Consider the count of world-wide Covid cases (source) from Fall 2020:

Figure 29.4.1. New reported cases

The graph shows three stages of accelerated growth: March-April, June-July, and from October onward. Since the total reflects the spread of disease in different regions, it is natural that it looks like the sum of different logistic curves.

Accordingly, we try modeling this by the sum of three logistic curves. To reduce the amount of data, we use the 7-day averages reported on the 1st, 11th, and 21th of every month, from March 1 to November 21. These 27 data values (measured in thousands) are below.

y = [1 4 21 67 80 79 77 85 94 110 126 148 180 205 230 257 259 254 265 267 292 295 337 389 503 573 588];

The corresponding x-values are simply x = 1:numel(y). Run plot(x, y, '*') to visualize the data: this will help with choosing initial parameters, as described below.

High-dimensional optimization is difficult, and fminsearch will need your help in the form of a good initial point (ones(9, 1) is not good enough).

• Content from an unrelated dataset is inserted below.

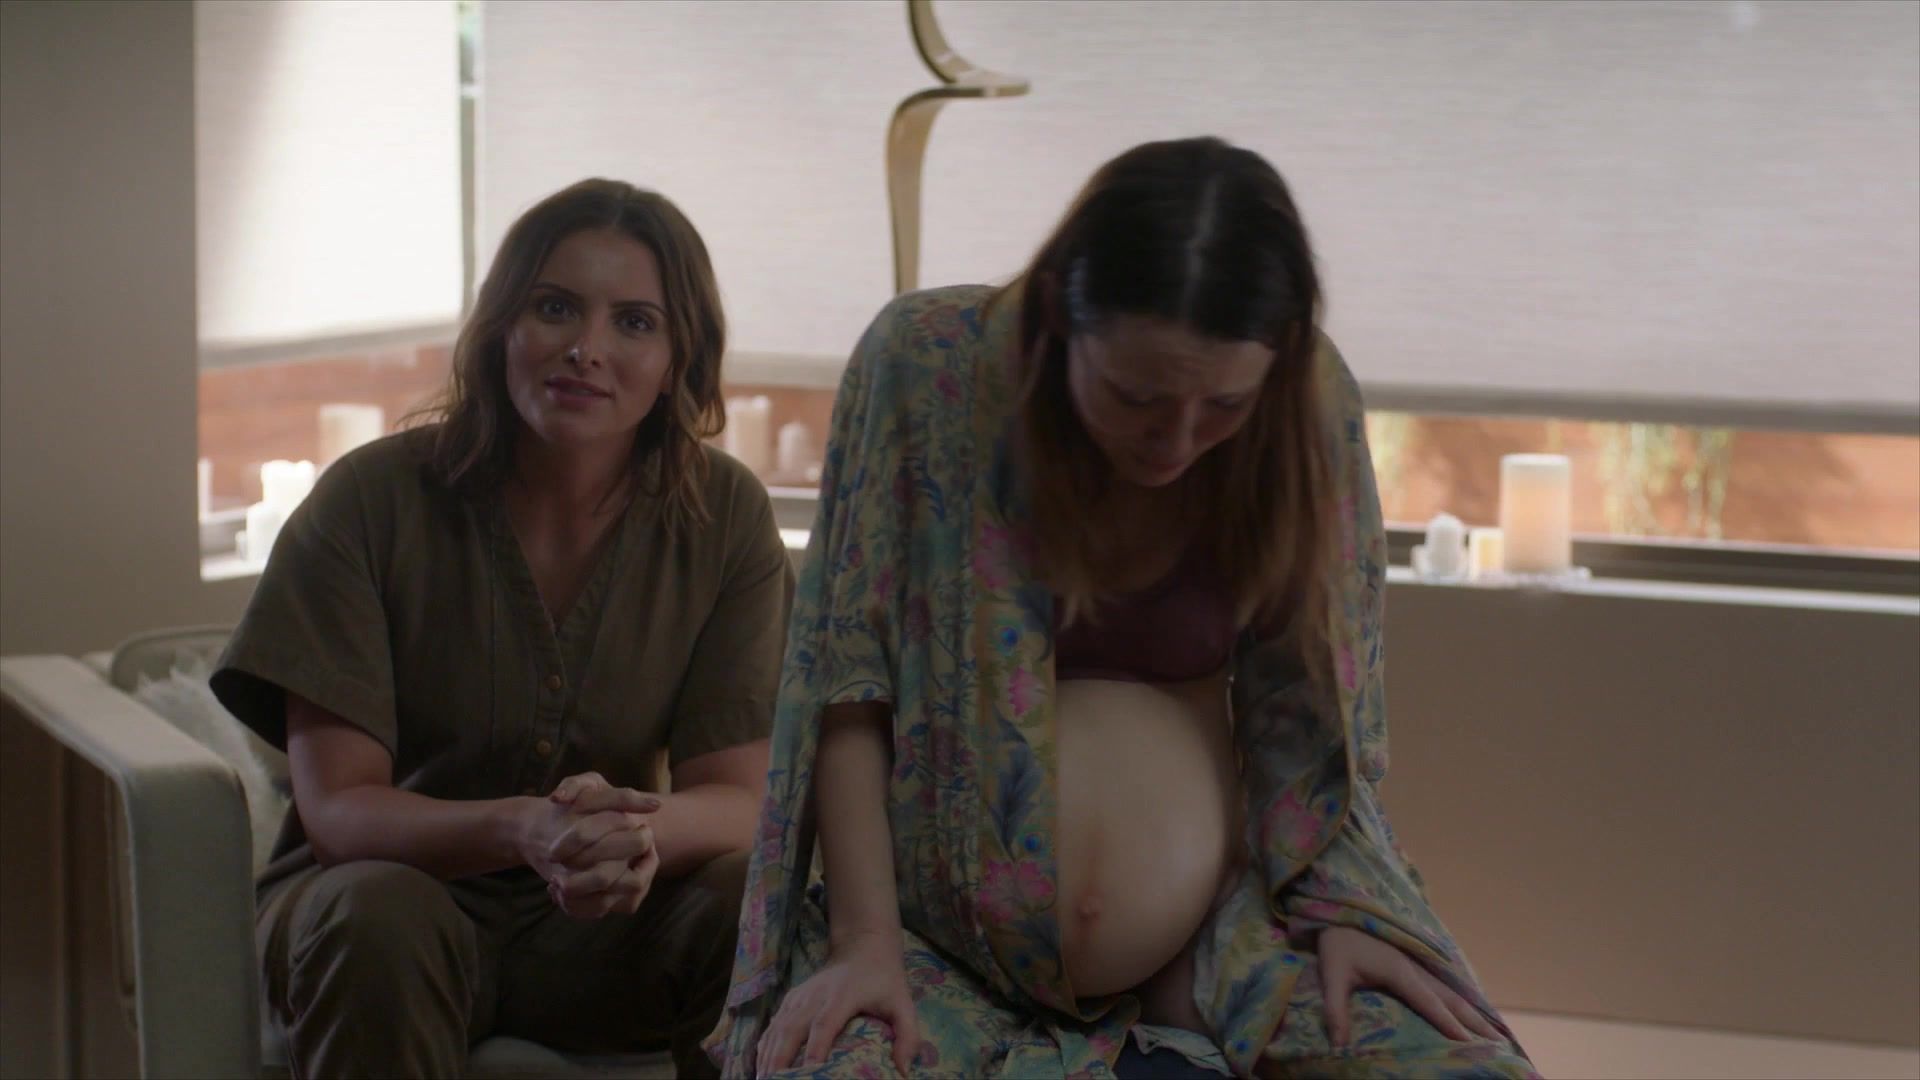 Room Emily Browning nude - The Affair s05e01 (2019) Porndig - 1

The logistic equation (29.2.1) leads to the 9-parameter model

\begin{equation} y = \frac{M_1}{1 + e^{-(x-a_1)/s_1}} + \frac{M_2}{1 + e^{-(x-a_2)/s_2}} + \frac{M_3}{1 + e^{-(x-a_3)/s_3}}\label{eq-sum-logistic-curves}\tag{29.4.1} \end{equation}

Reasonable initial guesses would be:

  • \(a_1, a_2, a_3\) are the x-values of places where the three “waves” are the steepest
  • \(M_1, M_2, M_3\) are the sizes of the three waves (how much each of them adds to the total)
  • \(s_1, s_2, s_3\) are about a tenth of the non-flat span of the wave.

Follow the examples such as Example 29.2.1 in plotting the best-fitting curve together with the data. Since the main interest in building a model like this is to predict future development, extend the curve by a month into the future (this means 3 units on x-axis). What does it predict for December 21?